杯子太燙握不住, 溫夢干脆就把它放回到了桌面上。拿鐵咖啡在馬克杯里震蕩, 輕巧的打起圈,騰起昭昭的霧。
“我當時很吵吧。”她緩緩開口, “每天給你發那么多問題。”
李彥諾回道:“不吵,畢竟是為了考托福, 可以理解。”
頓了下, 他又補上一句, 說的很慢,像是在思考措辭:“你當時……好像是很想來美國的。”
是啊,是真的很想去。
2011年的冬天, 已經升到大二的溫夢申請了ucla的交換生。辛苦學出來的gpa終于派上用場, p大的審核順利通過, 只是美國那邊還需要提交語言成績。
托福機考一次, 足足要一千多塊錢, 實在太貴了。她只能瘋狂做起模擬題, 抱著一次必過的心情在復習。

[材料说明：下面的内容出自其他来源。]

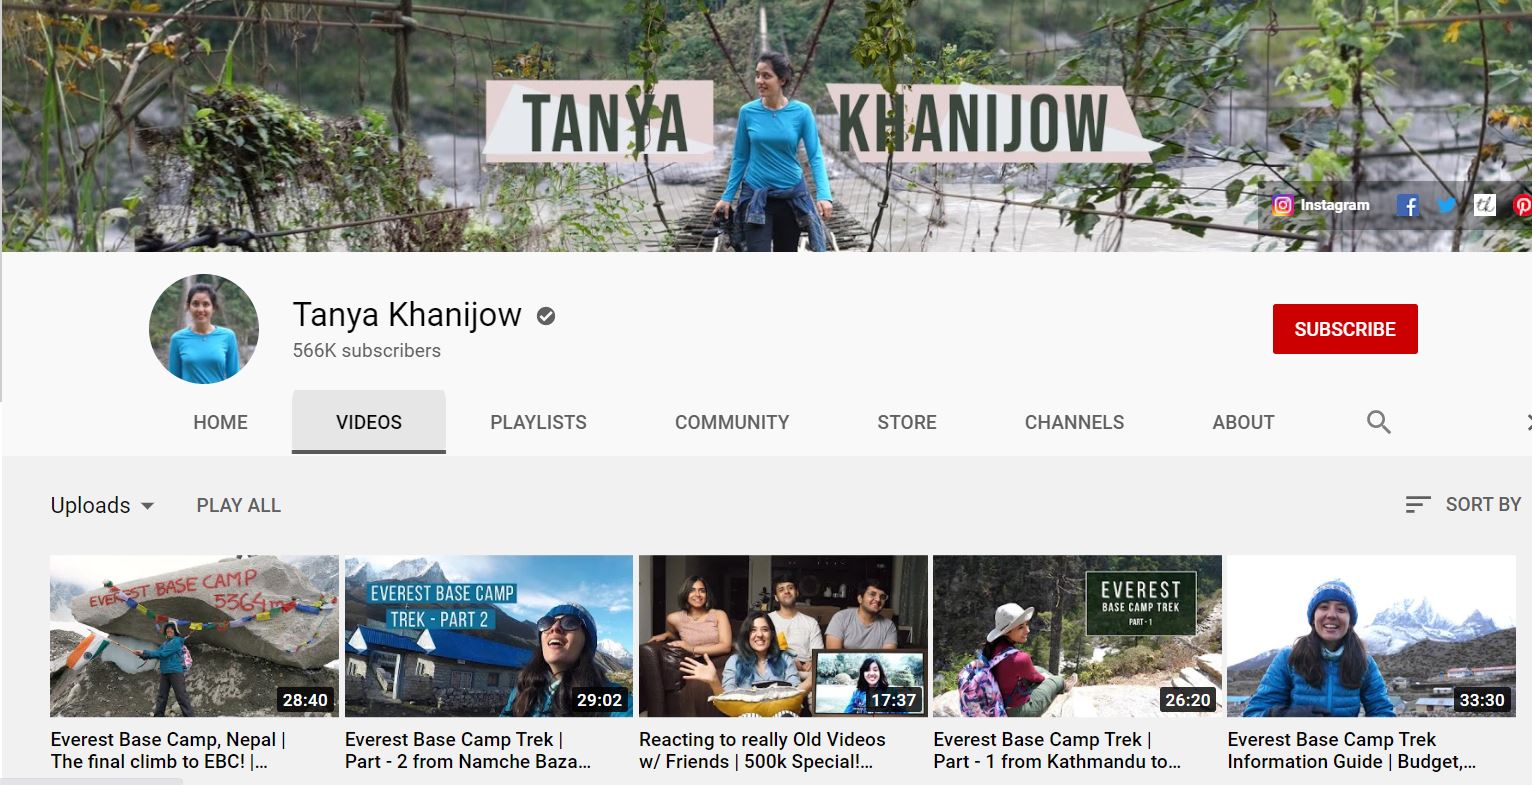 Tanya Khanijow's YouTube channel
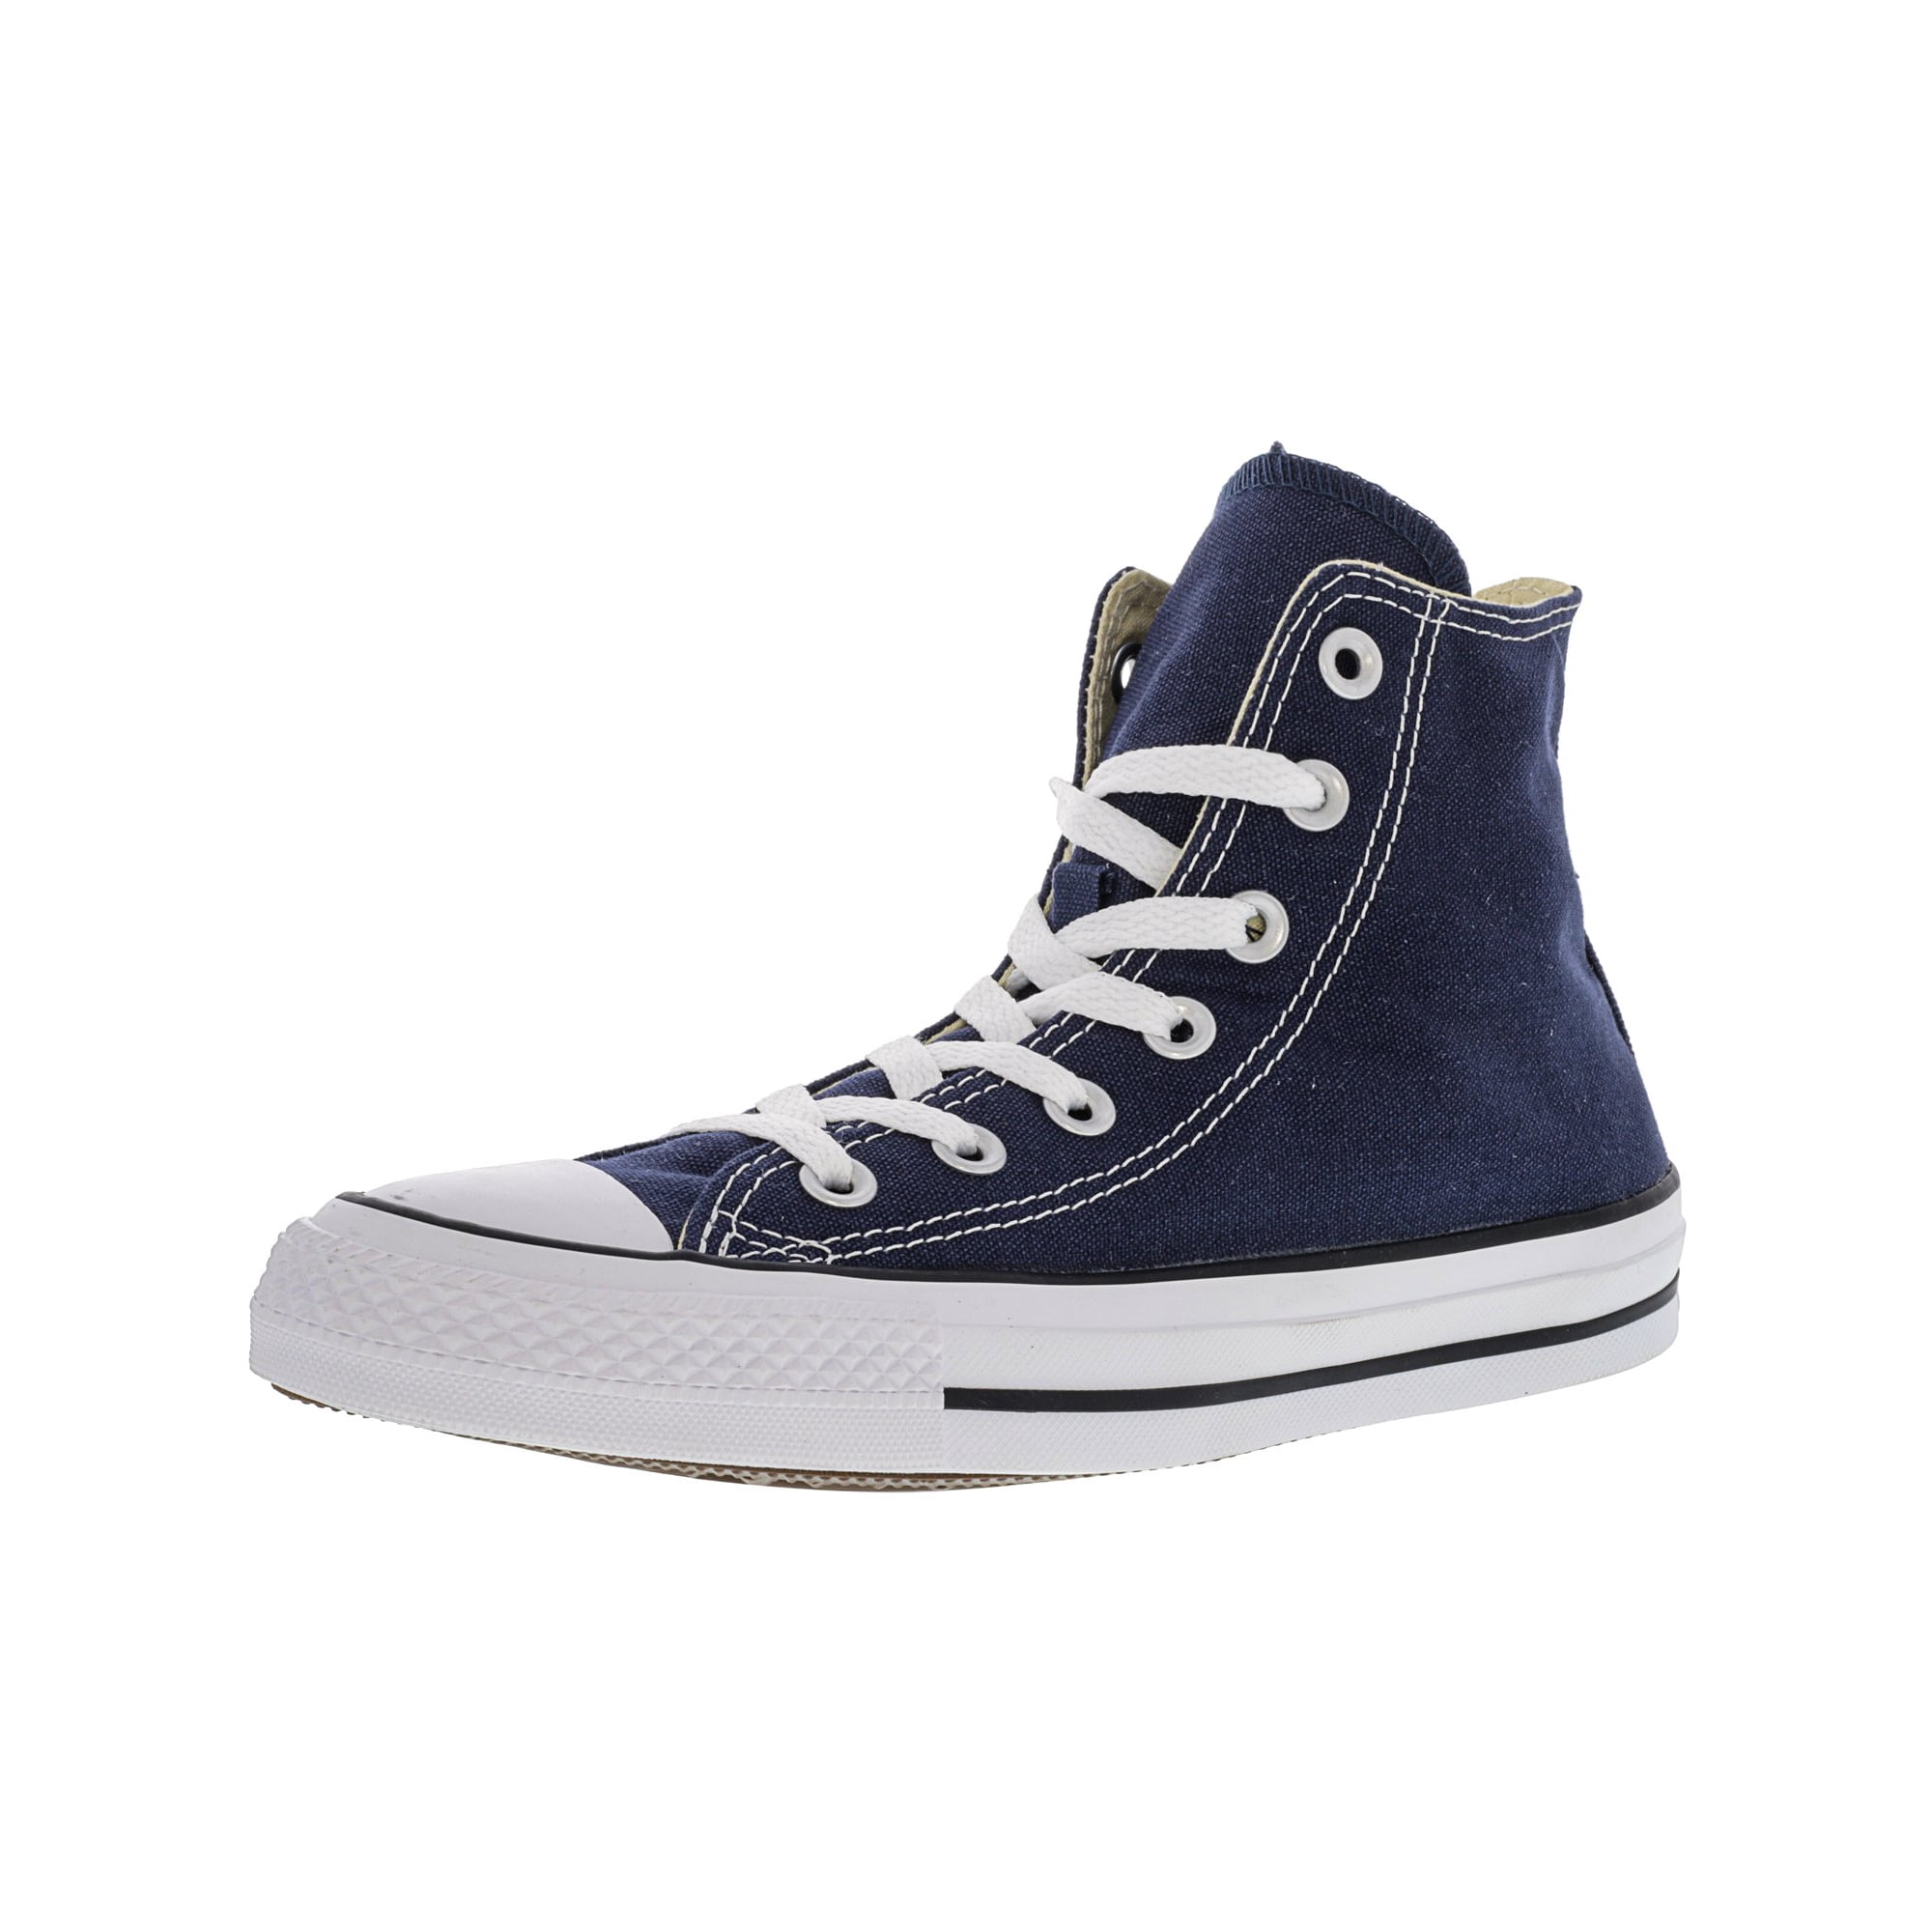 Converse Chuck Taylor All Star Hi Navy High-Top Fashion Sneaker - 8M / 6M |  Walmart Canada

【我注冊了一個q|q, 號碼是799xxxx。】她在發給李彥諾的短信里說,【你要不要也注冊一個?這樣我們交流起來,會比打電話發短信方便一些。】
李彥諾沒有回復那條信息,溫夢還以為他不想聯系的太過緊密。
沮喪的心情沉了好久,沒想到多半天過去,一個小小的馬里奧頭像毫無預兆的出現在了最新添加的好友里。
【你好溫夢。】馬里奧說, 【是我,李彥諾。】
哪怕是上網,他講話還是這樣沉悶的語氣。
溫夢卻忍不住笑了,激動的發過去一整篇閱讀:【快,幫我看看第三段,科學家破譯象形文字那里。答案選的是obscure,為什么不是dubious?】
對方正在輸入中。
然后李彥諾就消失了。
溫夢:【……你怎么打到一半不說話了,又去上課了嗎?】
很久之后。
【obscure有模糊不清的意思,dubious更多的表示是懷疑和猶豫。結合上下文來看,這個定語從句是在分析象形文字本身,而不是科學家的態度,所以要選obscure。】
李彥諾回答了問題,卻沒有解釋消失的原因。
溫夢沒有追問下去,轉而繼續討論起學習:【明白了!我還有一道題,能不能幫我看一下?】
她心里是有些疑惑的,只是不敢多問,膽怯得怕李彥諾生氣。
沒想到這么多年之后,她和他還能在這間咖啡館里接上那一段過去、把原委道明,簡直讓人覺得有些不可思議。
時間的鴻溝在這一刻被抹平,無數條躺在黑名單里的q|q信息,被一一重新喚醒。
溫夢:【我考過托福了!一次過的,112分!下一步就是去辦f-1簽證了。】
【洛杉磯那邊是不是挺暖和的,用不用帶羽絨服過去?】
【你到時候一定要來機場接我啊,千萬不許反悔。】
之后。
李彥諾:【我到機場了,b出口,就在tom broadley的那個牌子下面。有點下雨,我舉了黑色的傘,你一出海關就能看到我。】
【好像大家都在過關了,你是被留下審查了嗎?】
【你的航班號是ca985對嗎?】
再之后。
【我剛剛問過工作人員,ca985的旅客應該都已經到齊了。】
【溫夢,你在哪里?】
懷舊的音樂、熟悉的咖啡香氣、被喚醒的等待。
零零總總這些讓人喪失抵抗,以至于連李彥諾自己都沒有意識到,那些被他統稱為“同學”的自持,在不知不覺間已經裂成兩半。
他露出了他并不想展示給溫夢的在意。
李彥諾雖然沒有直接說出來,但此時眼神分明在問:明明有過那么多次的約定,為什么還要做一個背信棄義的人?
原來他并沒有忘記。
巨大的歉意和愧疚擊中了溫夢。對于那個問題,她其實有一個準備了很久的答案。
答案曾經在心里演練過很多次,設想著如果再遇到李彥諾,說什么也得把前因后果全都講述清楚,絕對不遺漏一點信息。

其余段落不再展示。